A bit further, we crossed a pass at 5,248 meters. This is the highest elevation I’ve ever been to date (we will be crossing some higher passes later in China).
We continued driving. There is an interesting system there – you go thru a checkpoint and they give you a minimum amount of time to get to the next checkpoint. This means we sometimes must sit by the side of the road for 30 or 40 minutes. We used one of these opportunities to have lunch and lots of locals enjoyed the show!
On the second wait, we went for a short walk and visited a couple guys herding sheep and goats. It seems that all the shepherds spin their own yarn and knit as they watch the flocks. The guy we met today was knitting soles to a pair of shoes.
We arrived in Shigatse in the middle of the afternoon, and set out for a tour of the local monetary. The complex was huge with several chapels containing the remains of past Dali Lamas and Penti Lamas (2nd in importance). One of the chapels contained one of the world’s largest gilded Buddhas.
For dinner, we went to the “Sumptuous Tibetan Restaurant” and I ordered the “Yak Sizzler” as I was getting tired of noodles, bread, and dumplings for every meal. The Sizzler really met the spot – tender steak with vegetables and french fries.
We walked back to the hotel on a nice pedestrian street in the refreshing evening air.

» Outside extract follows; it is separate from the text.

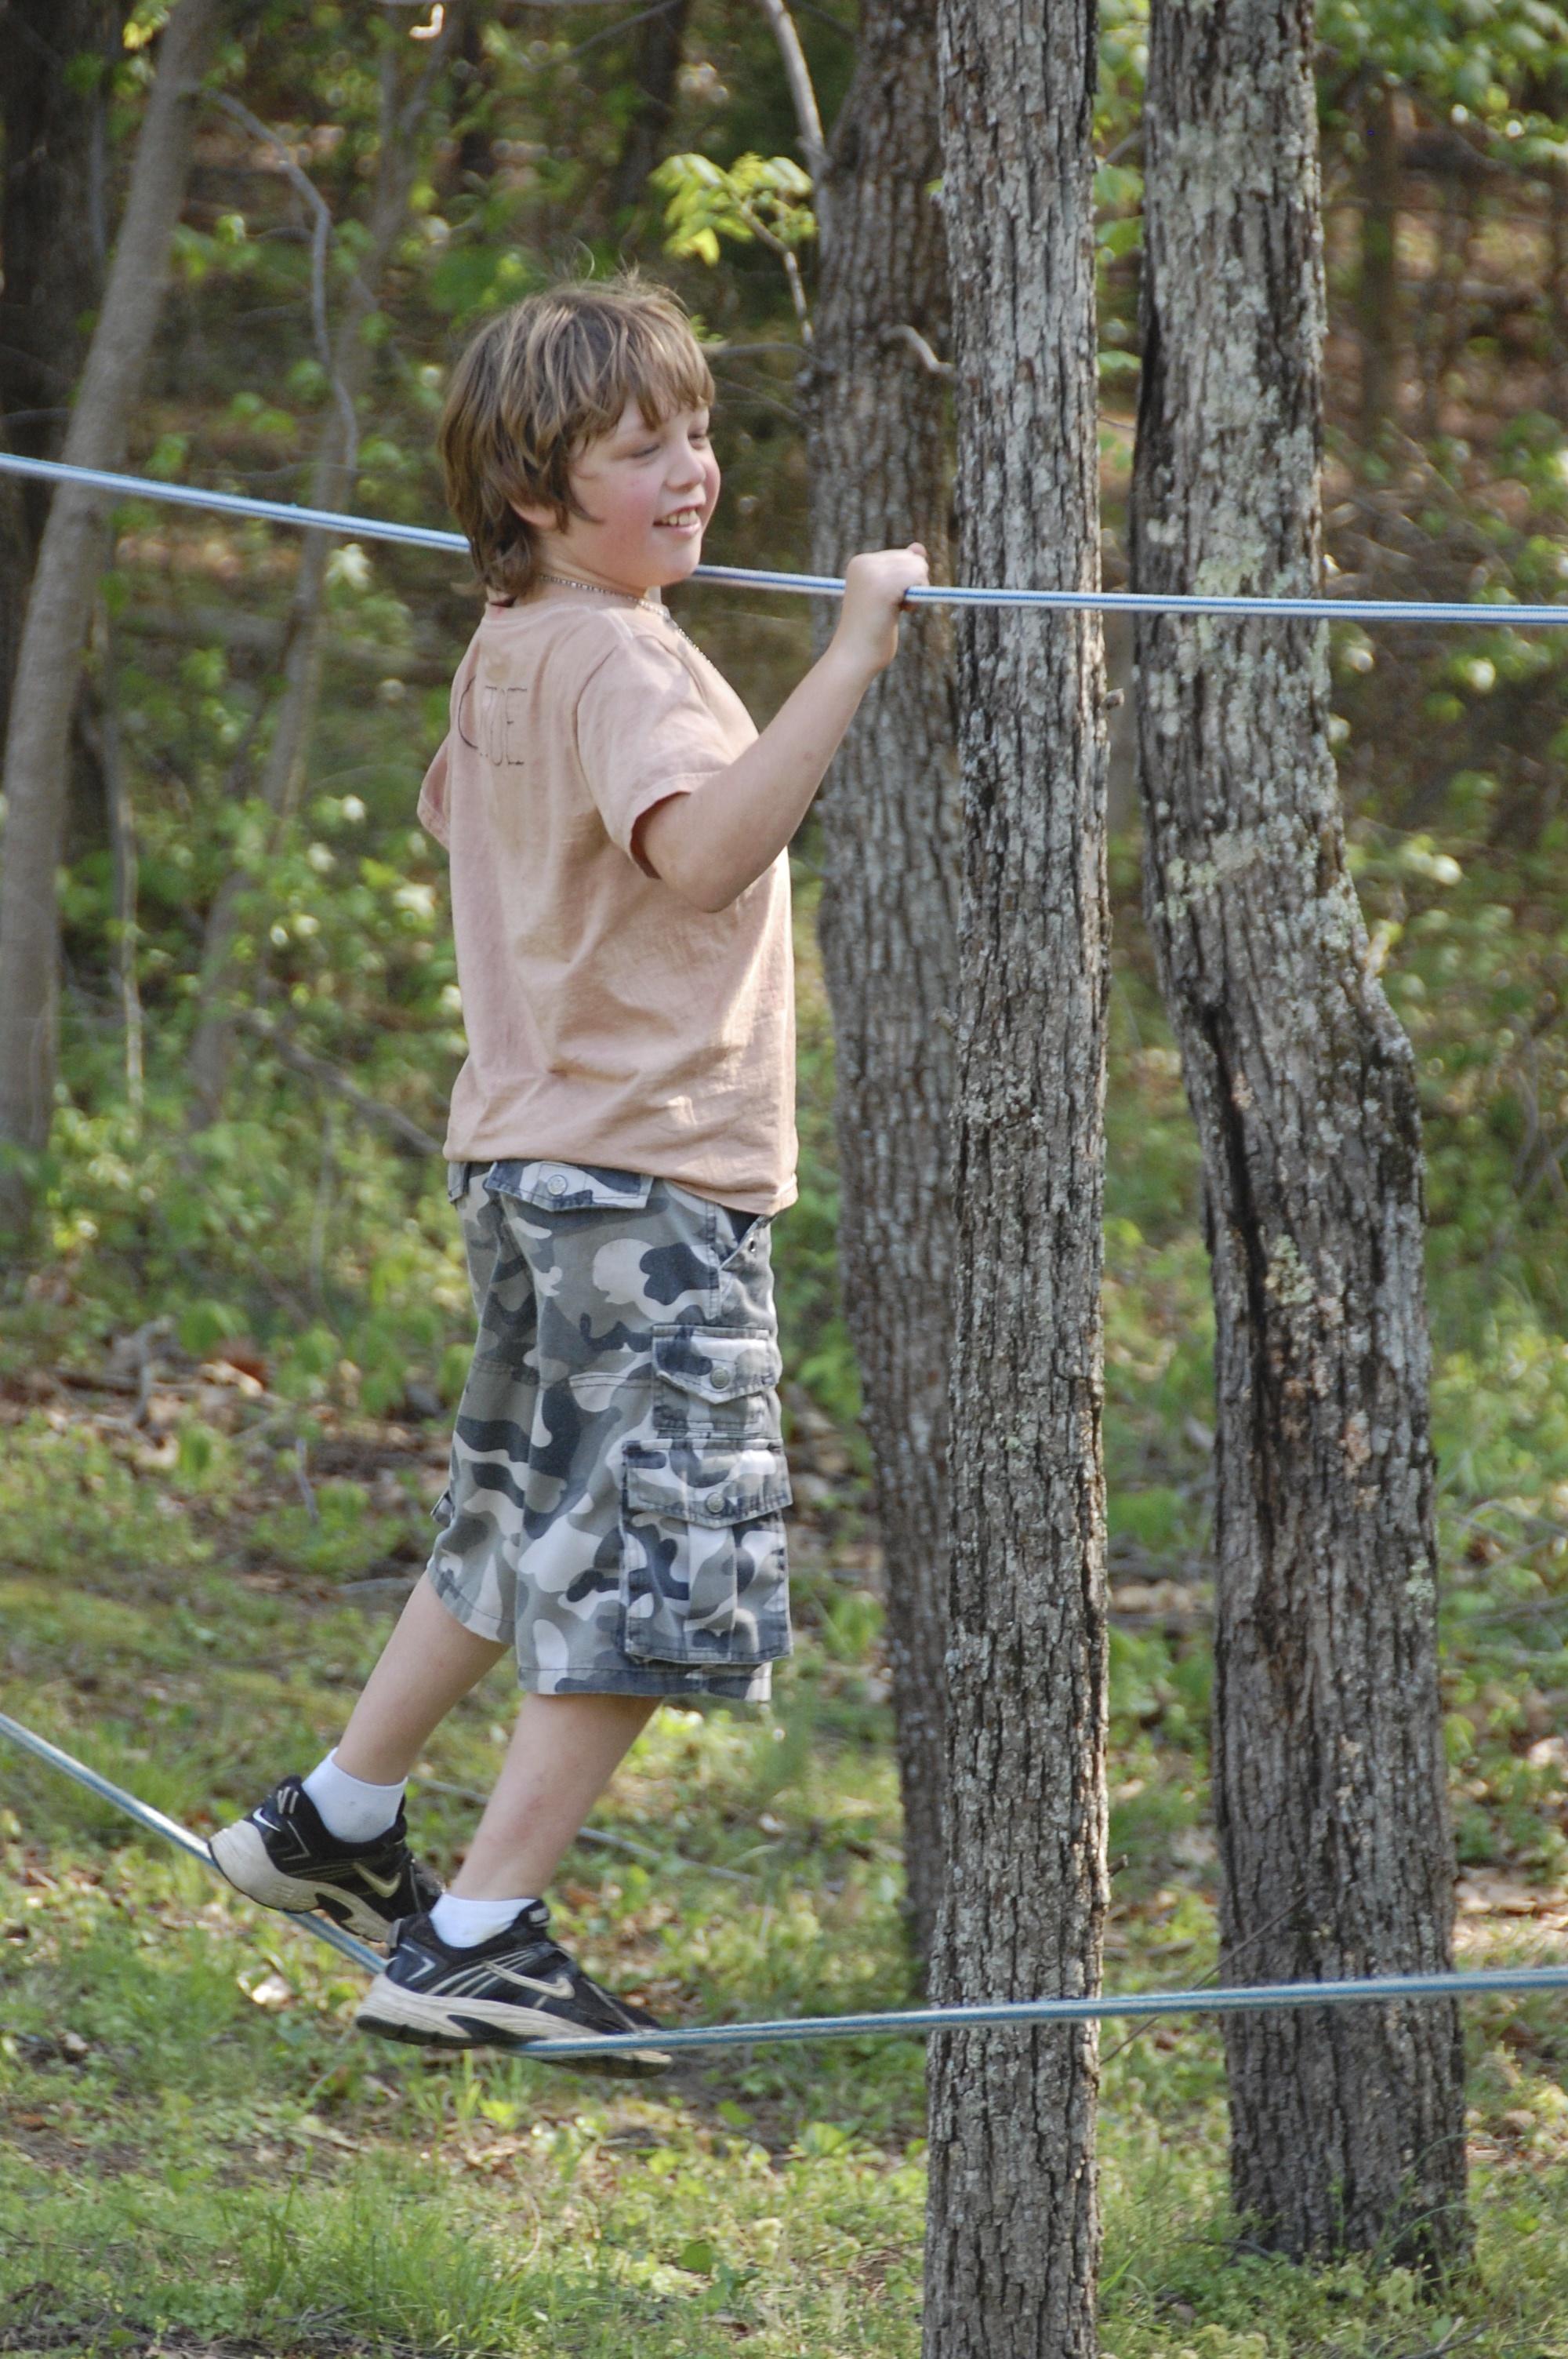 Birthday boy Burke crossing the ropes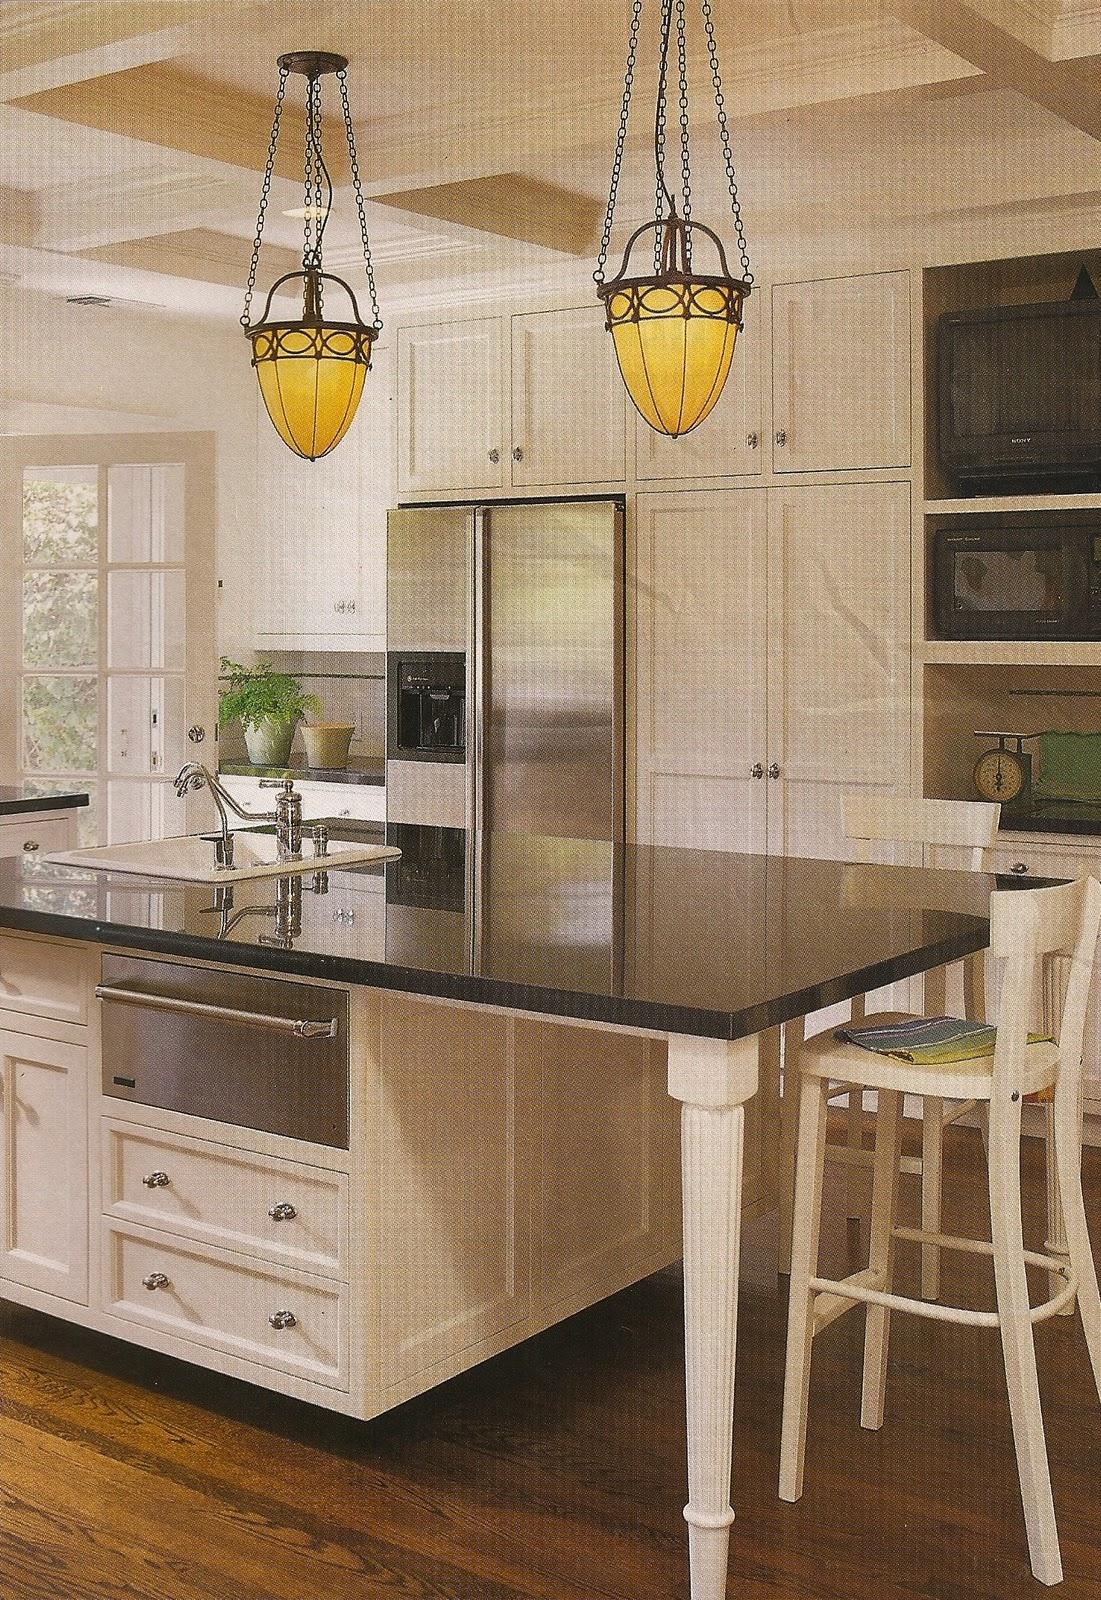 white kitchens: always classic

Back at the hotel, we ran into another overlanding truck called “Madventures” who we’ve been paralleling for the last week. They also had to wait a few days in Nepal and must now rush their way thru Tibet. That company made the choice to go to Everest Base Camp in just one day from the Nepal border. No one was very ill but they said it was very cold, half of them were sick, and there was very little view of Everest. Added to this, the road was very terrible for many miles. They just got into Shigatse late that evening, so they hadn’t seen the Monastery in the beautiful late afternoon light that we saw. After hearing their story, I’m now happy we made our leisurely way thru southern Tibet.
Thurs, Sept 26
We had a nice breakfast at the hotel – with hard boiled eggs and lots of vegetables. The guides were out getting their required licenses to drive in China so we had a few free hours. Licensing involves driving tests, eye tests, multiple permits – alot of red tape. It was sprinkling a bit so I didn’t venture too far. However, I did walk down some of the shopping streets to get a nice view of the Potola palace of Shigatse (not THE Potola palace which is in Lhasa). I stopped in a few shops, including some nice Tibetan carpet shops. By the pre-approved meeting time, the licenses were still not ready, so we headed out again to buy snacks for lunch. I also looked at some of the fancy shops on the main shopping street – it’s surprising how expensive things are here – about American prices.